Tesla makes money in two main ways. First, it designs and sells electric vehicles, including the Model 3, Model Y, Model S, Model X, and Cybertruck, directly to customers through its own stores and website. Second, it makes and sells energy products like the Powerwall home battery and the Megapack, a large battery system used by power companies and businesses. On top of those core sales, Tesla earns money from paid Supercharger sessions, used car sales, automotive insurance, FSD (Full Self-Driving) software subscriptions, and the sale of regulatory credits to other car companies who need them to meet emissions rules. In June 2025, Tesla also launched a Robotaxi service, an autonomous ride-hailing platform that uses its own vehicles and AI technology. Together, these streams make Tesla something unusual: part car company, part energy company, part software business. The diagram below traces where the money goes.
Five years of financial data tell a story of rapid growth followed by a plateau, with margins under real pressure. Revenue climbed sharply from 2021 to 2023, then essentially stopped growing. In 2023, total revenue reached $96.8 billion. In 2024, it nudged up to $97.7 billion. In 2025, it fell back to $94.8 billion. That is three years of flat to falling revenue after years of strong gains.
The margin story is harder to ignore. In 2021 and 2022, Tesla's gross margin sat just above 25%. That means for every dollar of revenue, Tesla kept about 25 cents after paying for materials and manufacturing. By 2023, that figure had dropped to around 18%, and it has stayed near that level through 2025. The company cut vehicle prices aggressively to keep demand up, and that decision squeezed profits. Automotive gross margin fell from 19.4% in 2023 to 17.8% in 2025.
One bright spot is the energy business. Energy generation and storage revenue grew from $6.0 billion in 2023 to $12.8 billion in 2025, and its gross margin expanded from 18.9% to 29.8% over the same period. That is the fastest-growing and now most profitable part of the business on a margin basis. Megapack deployments drove most of that growth as electricity grids worldwide scrambled to add storage capacity alongside solar and wind power.
Despite the margin compression, Tesla kept generating cash. Operating cash flow was $14.7 billion in 2025, close to the $14.9 billion it produced in 2024. Free cash flow improved to $6.2 billion in 2025 from $3.6 billion in 2024, partly because Tesla spent less on factories. The company ended 2025 with $44.1 billion in cash and investments, which gives it a large financial cushion. But Tesla has also flagged that it expects capital expenditures to exceed $20 billion in 2026, driven by AI infrastructure, new factories, and robotics. That is a significant step up in spending.
Regulatory credit sales fell from $2.8 billion in 2024 to $2.0 billion in 2025. A new US law called the One Big Beautiful Bill Act, enacted in July 2025, restricted some of these credit programs and also removed the consumer tax credit that helped make electric vehicles more affordable for buyers. Both changes hit Tesla at the same time: less income from credit sales, and potentially less demand from price-sensitive buyers who relied on that tax break.

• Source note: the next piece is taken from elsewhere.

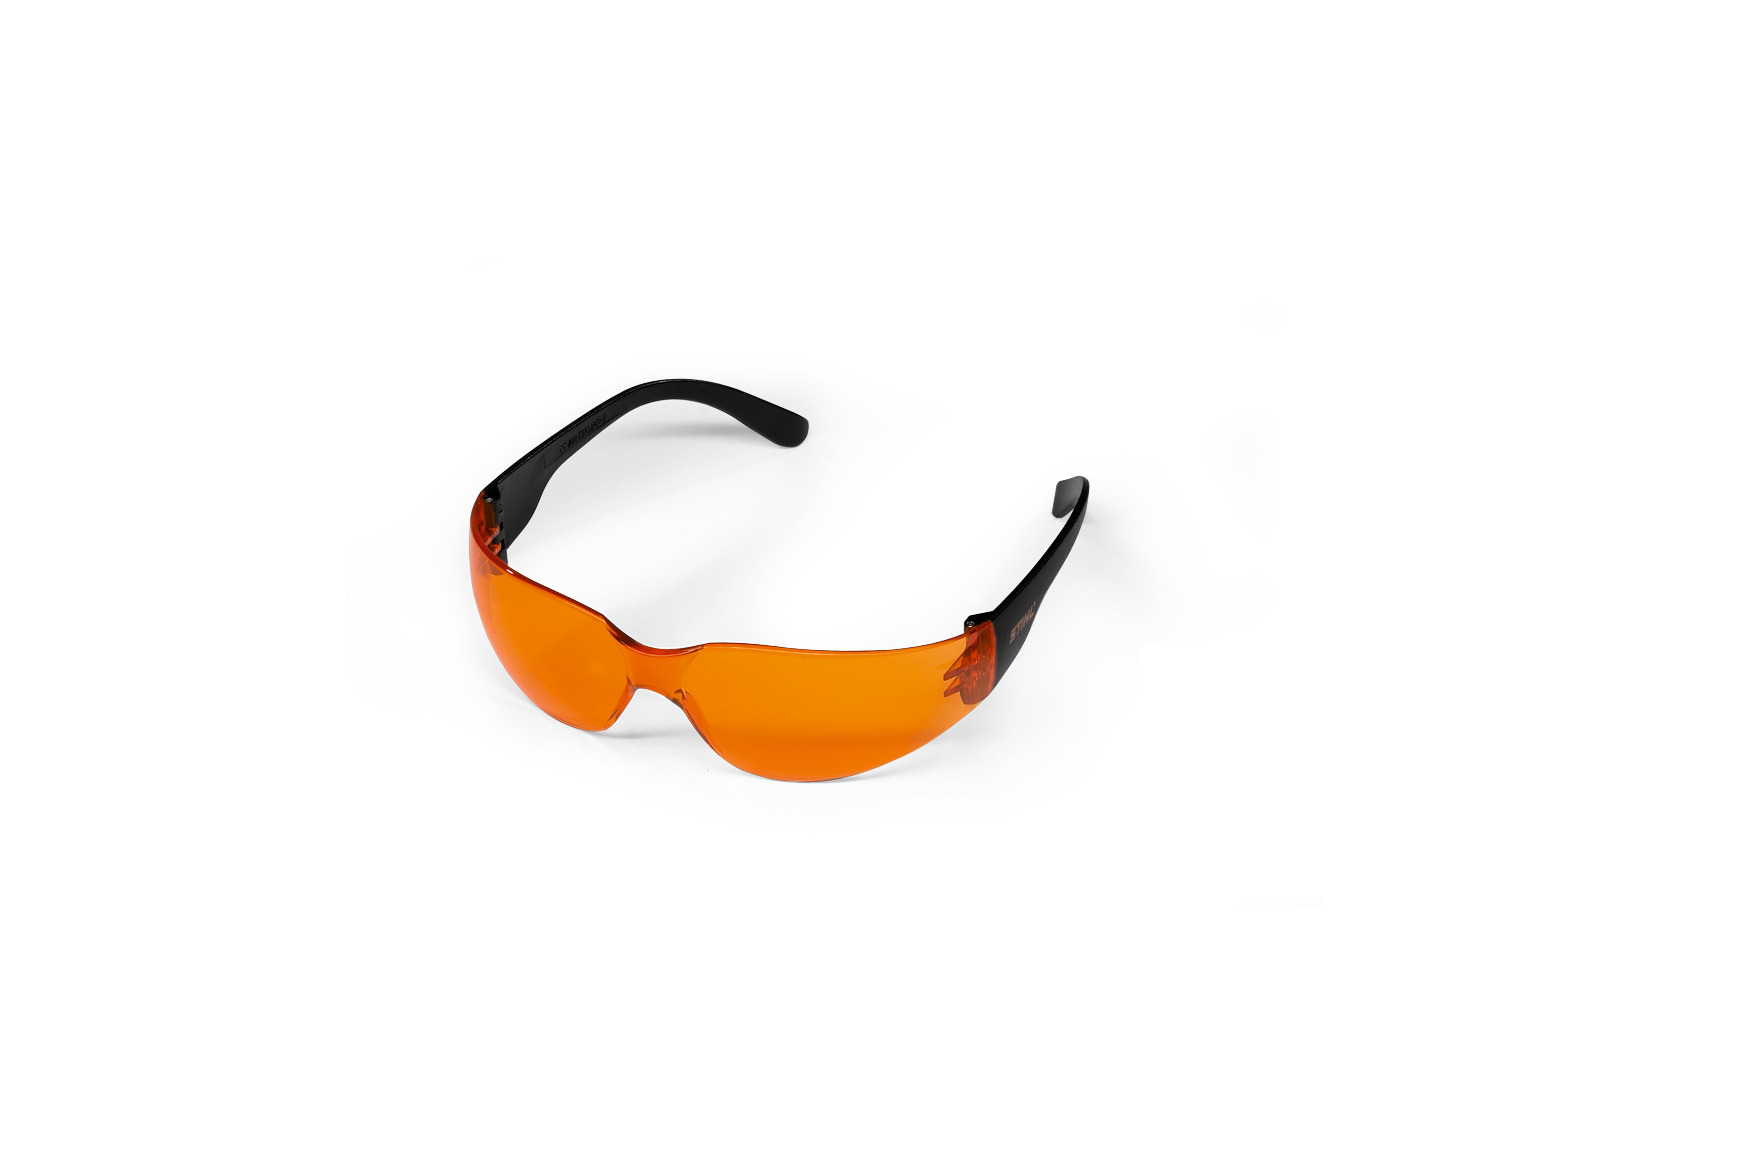 Schutzbrille Light - orange
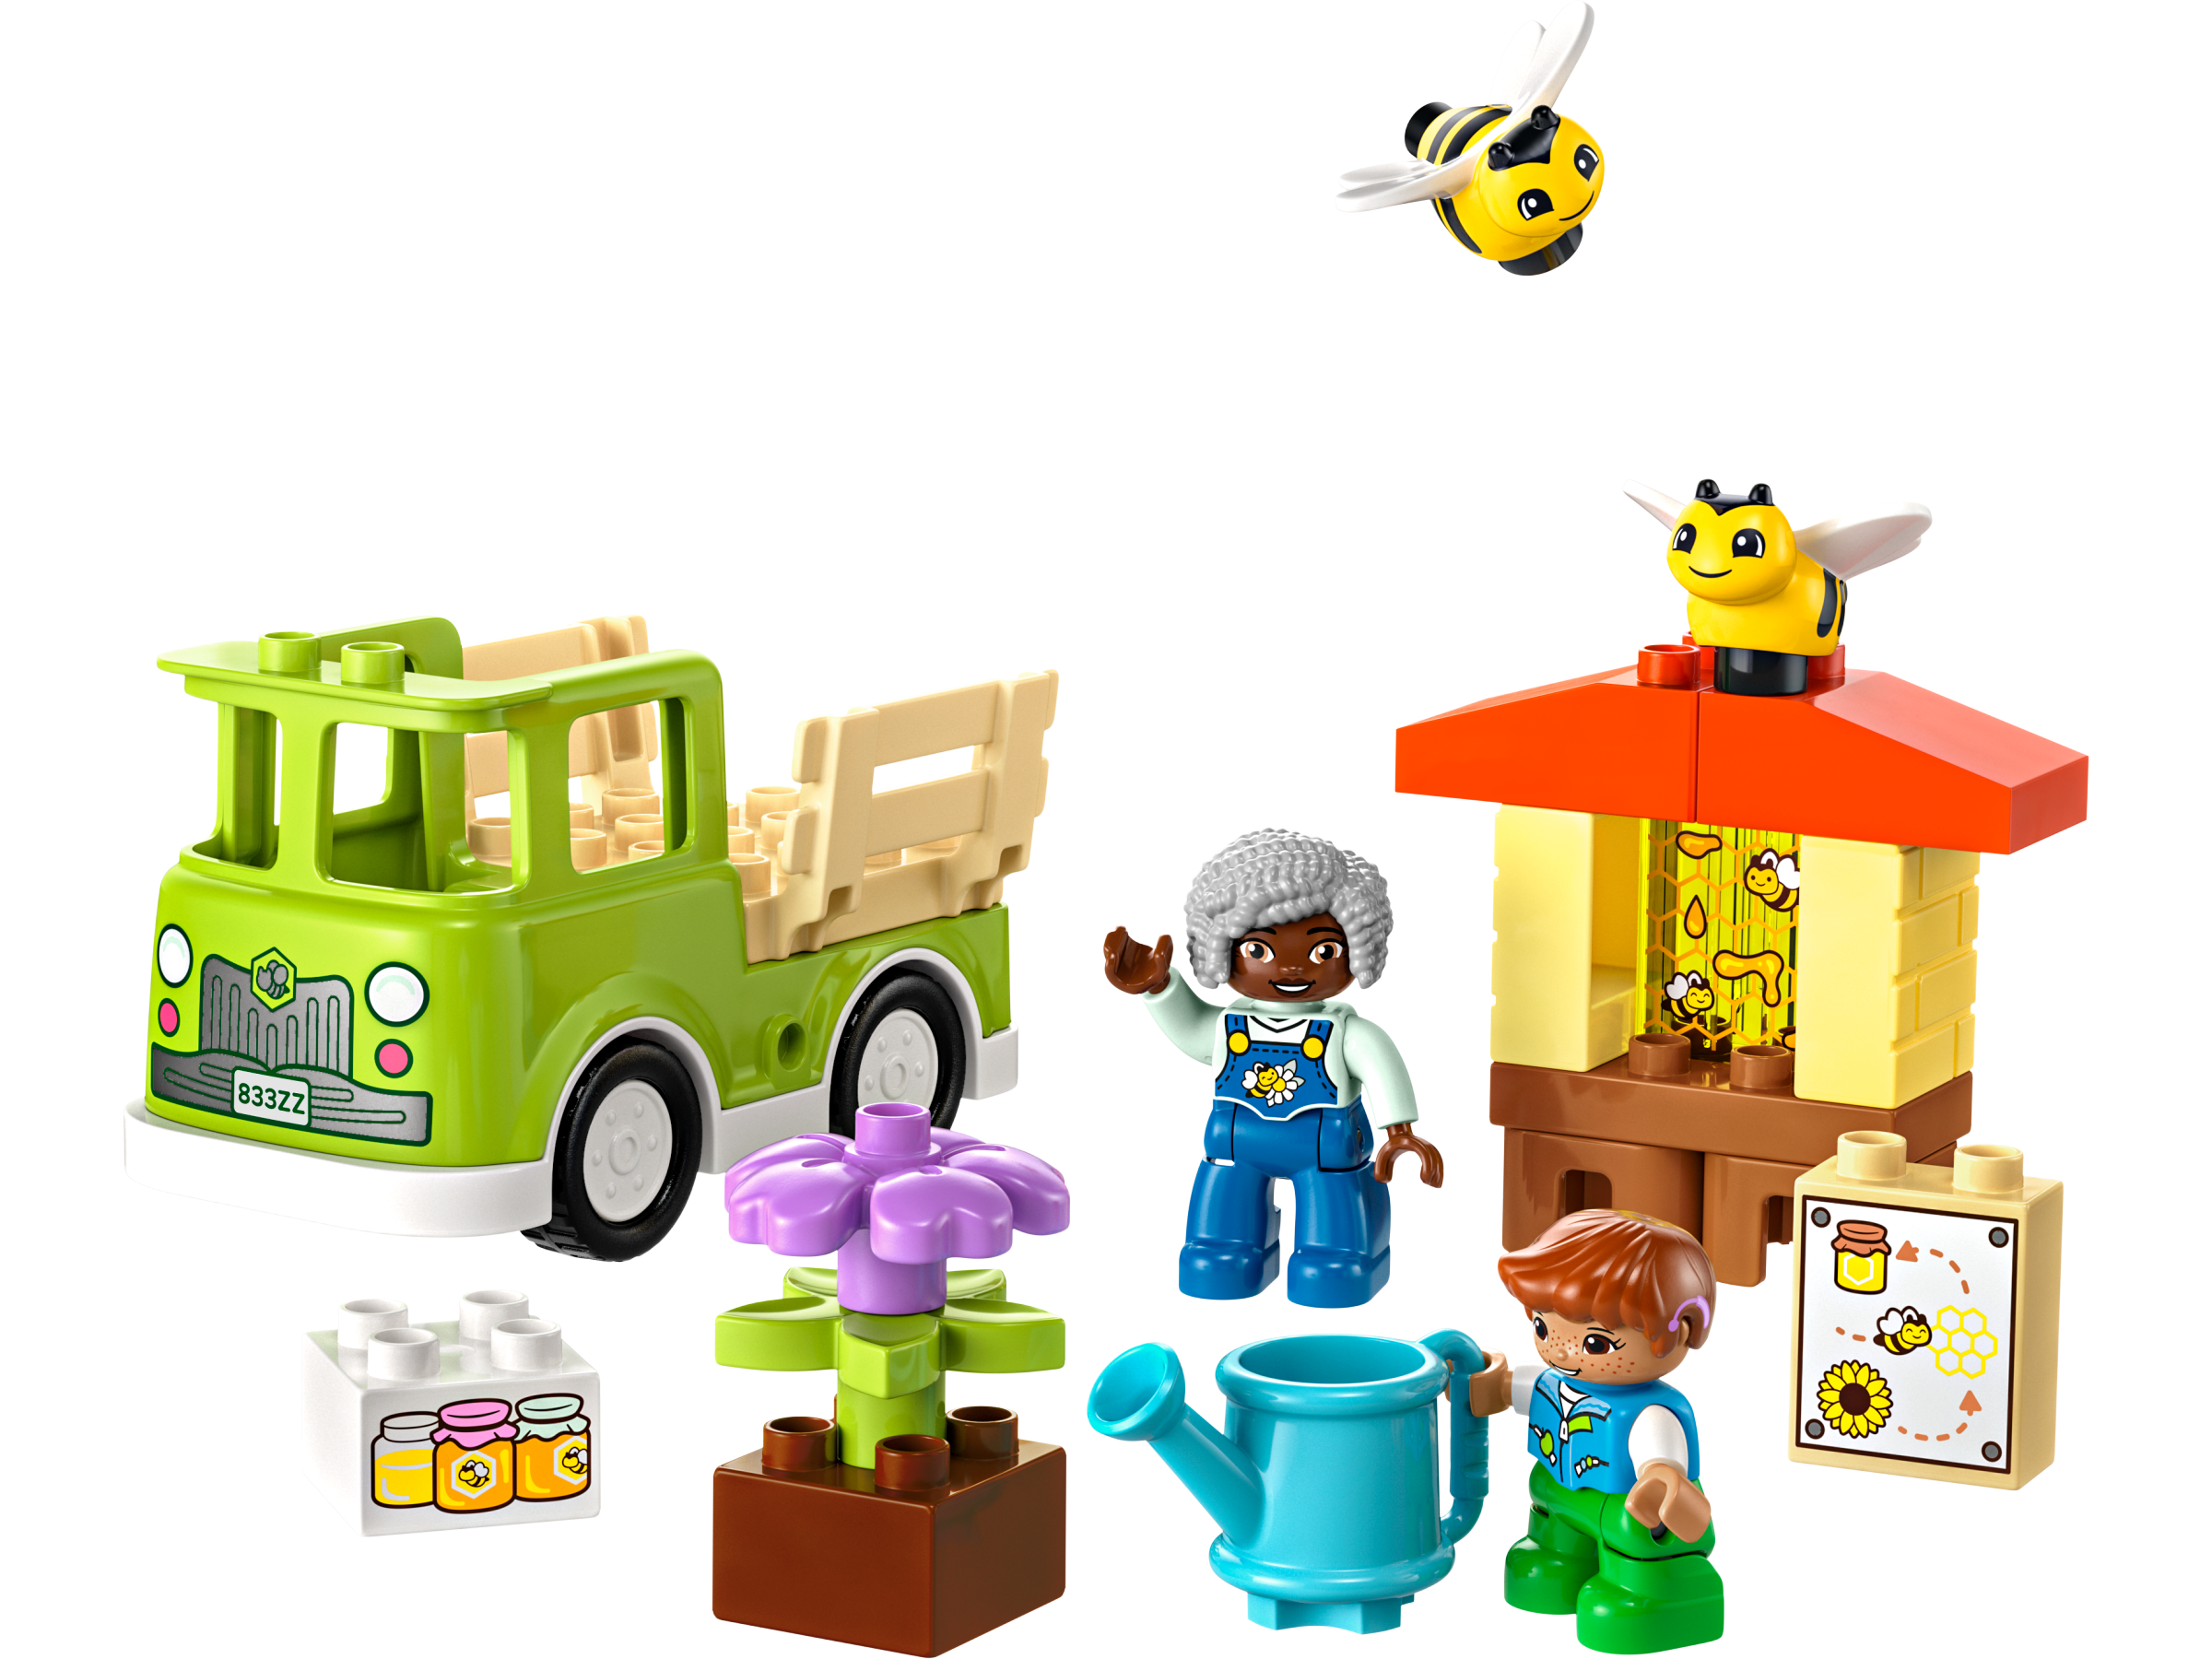 Đồ Chơi Lắp Ráp Nông Trại Ong Của Bé - Caring For Bees & Beehives - Lego Duplo 10419 (22 Mảnh Ghép)

Beyond policy changes, Tesla faces several documented threats that could affect the business regardless of how well it executes. Tariffs introduced in 2025 have already raised costs on imported components, and the company says further tariff changes could disrupt its global supply chain. Tesla relies on a small number of suppliers for battery cells, including Panasonic and CATL, and has limited ability to switch quickly if those relationships break down. The raw materials inside batteries, particularly lithium and nickel, can swing sharply in price based on global demand, and Tesla cannot always pass those increases on to customers without losing sales.
Tesla's newest products carry the biggest execution risks. The Robotaxi service launched in June 2025 but regulations around fully autonomous vehicles differ in every city and country, and the legal framework is still evolving. Cybercab, a purpose-built autonomous vehicle, has not yet entered full production. Optimus, a humanoid robot Tesla is developing, is still in early stages. The company plans to ramp six new production lines in 2026 across vehicles, robots, energy storage, and battery manufacturing. Past production ramps at Tesla have caused major delays and cost overruns. There is no guarantee the next wave will be different.
Tesla is also competing in a car market that is genuinely getting more crowded. Every major car company now sells electric vehicles in the US, China, and Europe. In China specifically, local manufacturers have launched competitive electric vehicles at aggressive prices, putting pressure on Model 3 and Model Y sales in what has been one of Tesla's most important markets. Services revenue from paid Supercharging, insurance, and maintenance grew 19% to $12.5 billion in 2025, which shows that the installed base of Tesla vehicles creates ongoing income. But that income depends on a fleet that has to keep growing, and vehicle deliveries actually fell in 2025.